**DATASET SECTION**
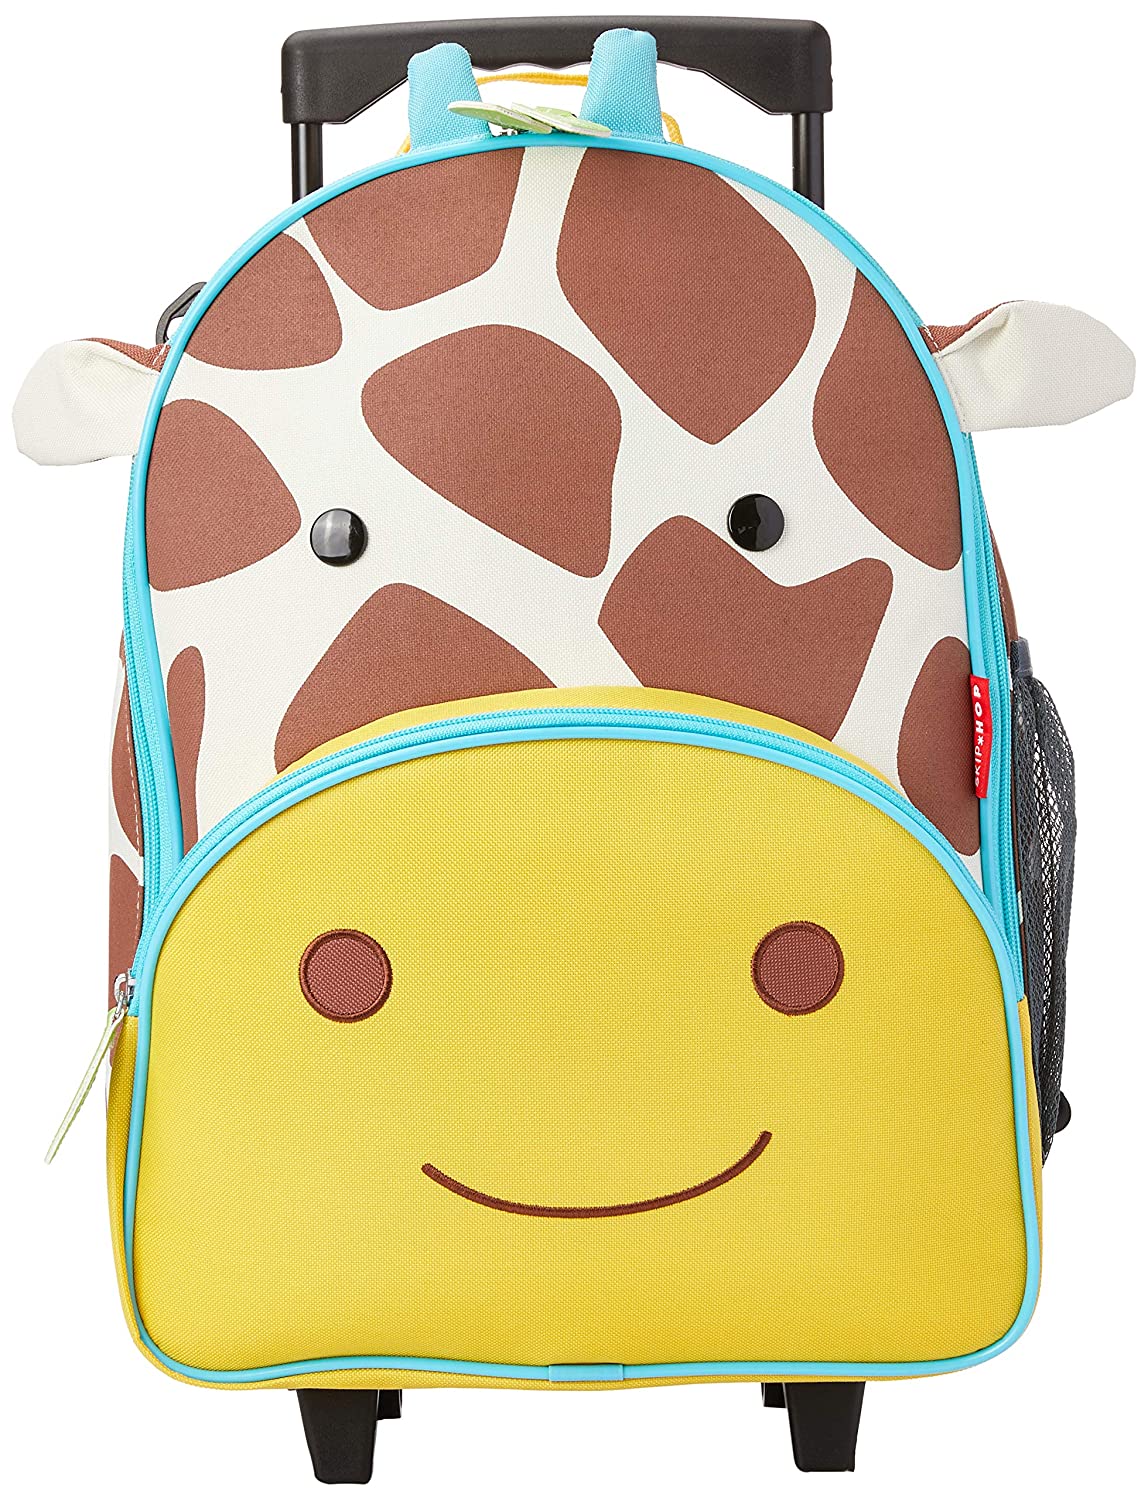 Skip Hop Giraffe Wheeled Kids Luggage
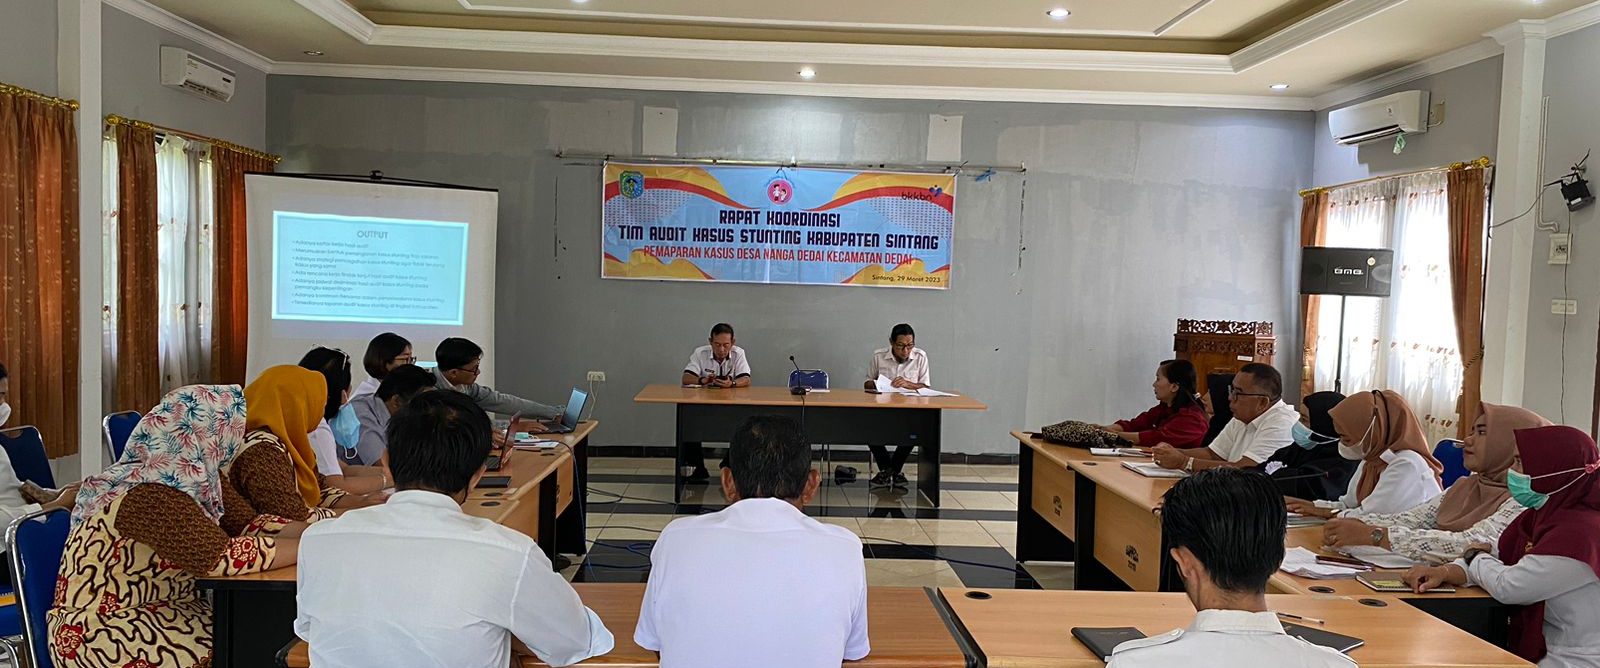 TPPS Sintang Gelar Rapat Koordinasi Tim Audit Kasus Stunting Kabupaten Sintang Khusus Desa Lokus di Kecamatan Dedai
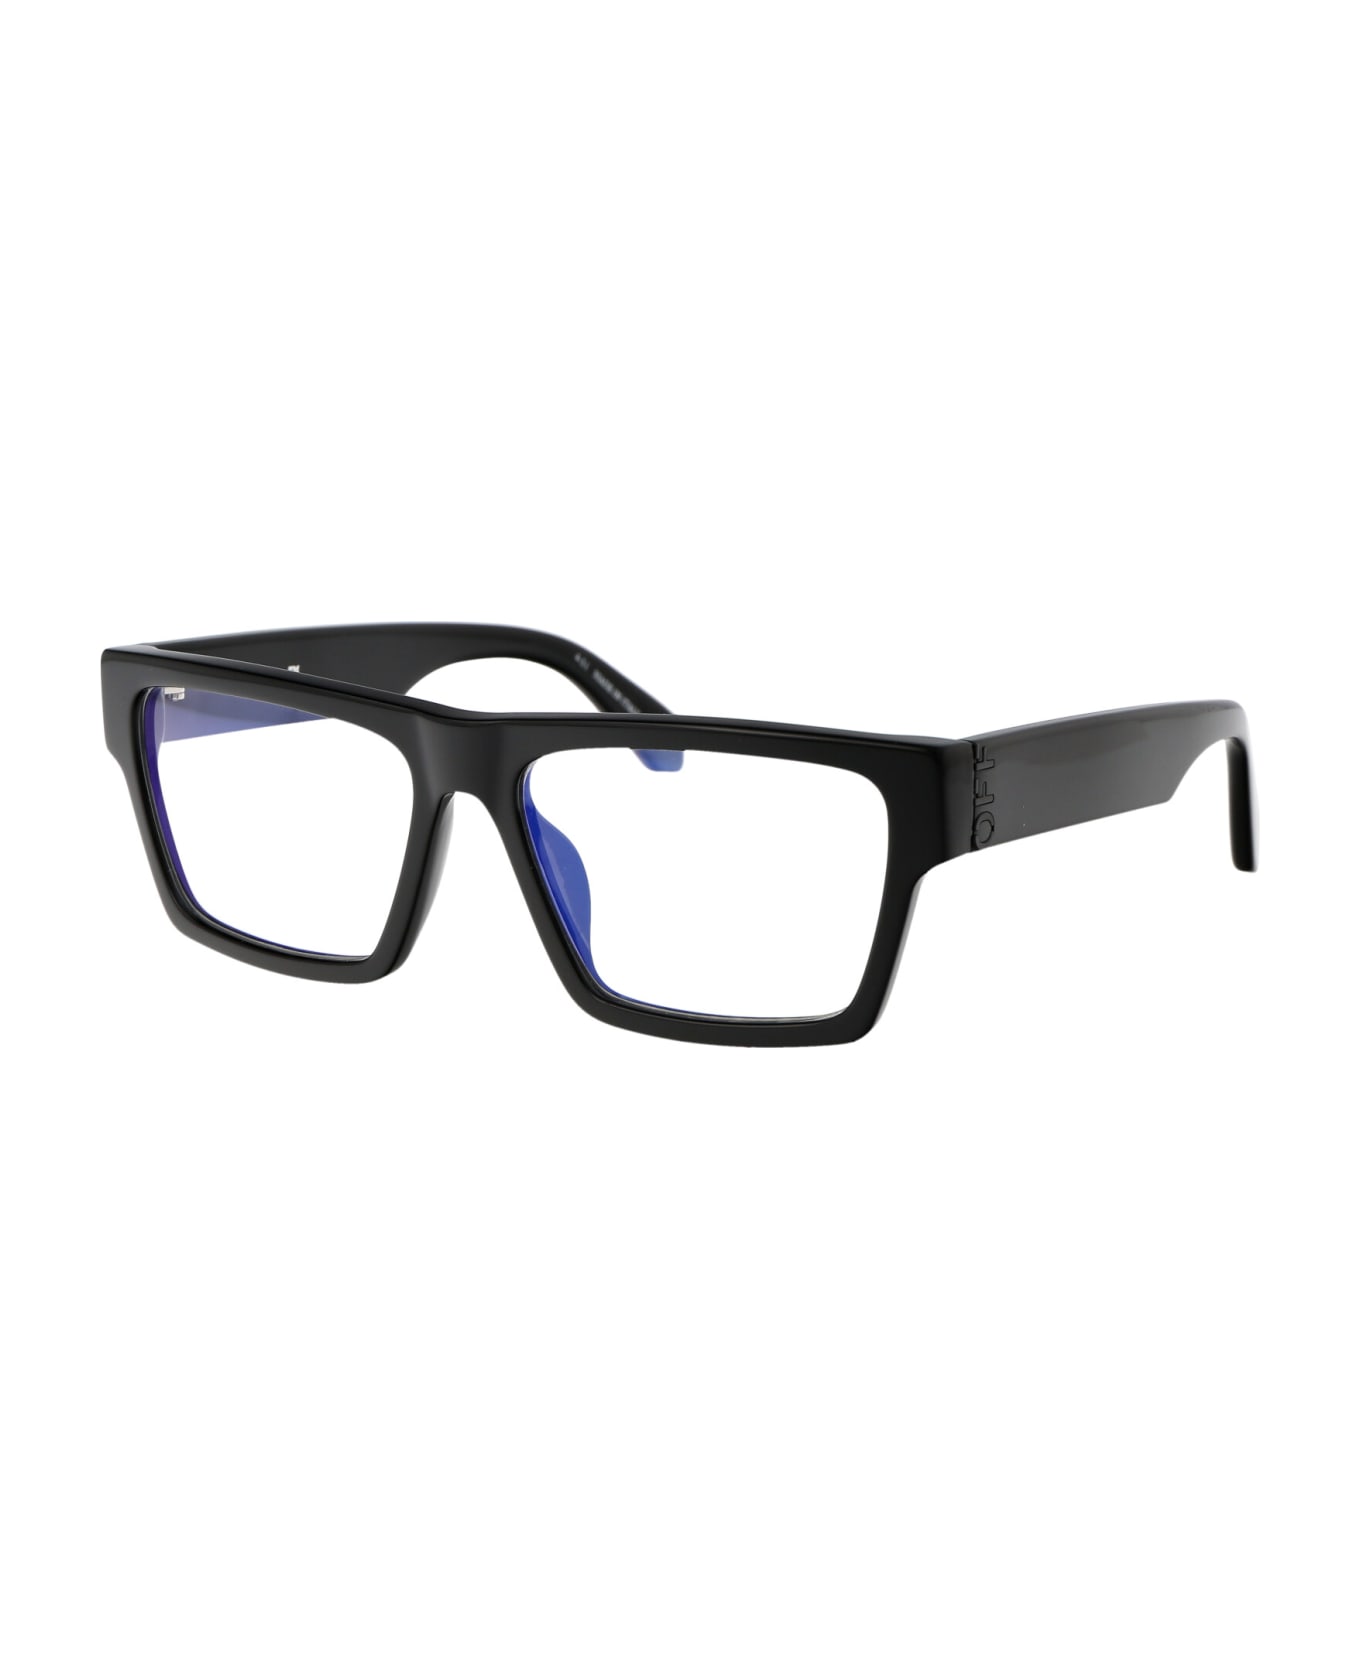 Off-White Optical Style 46 Glasses - 1000 BLACK アイウェア

**TASK INSTRUCTIONS**
The data above should be returned in full, exactly as written, apart from its images.

**RESPONSE TO THIS EXERCISE**
 Skip Hop Giraffe Wheeled Kids Luggage
 TPPS Sintang Gelar Rapat Koordinasi Tim Audit Kasus Stunting Kabupaten Sintang Khusus Desa Lokus di Kecamatan Dedai
 Off-White Optical Style 46 Glasses - 1000 BLACK アイウェア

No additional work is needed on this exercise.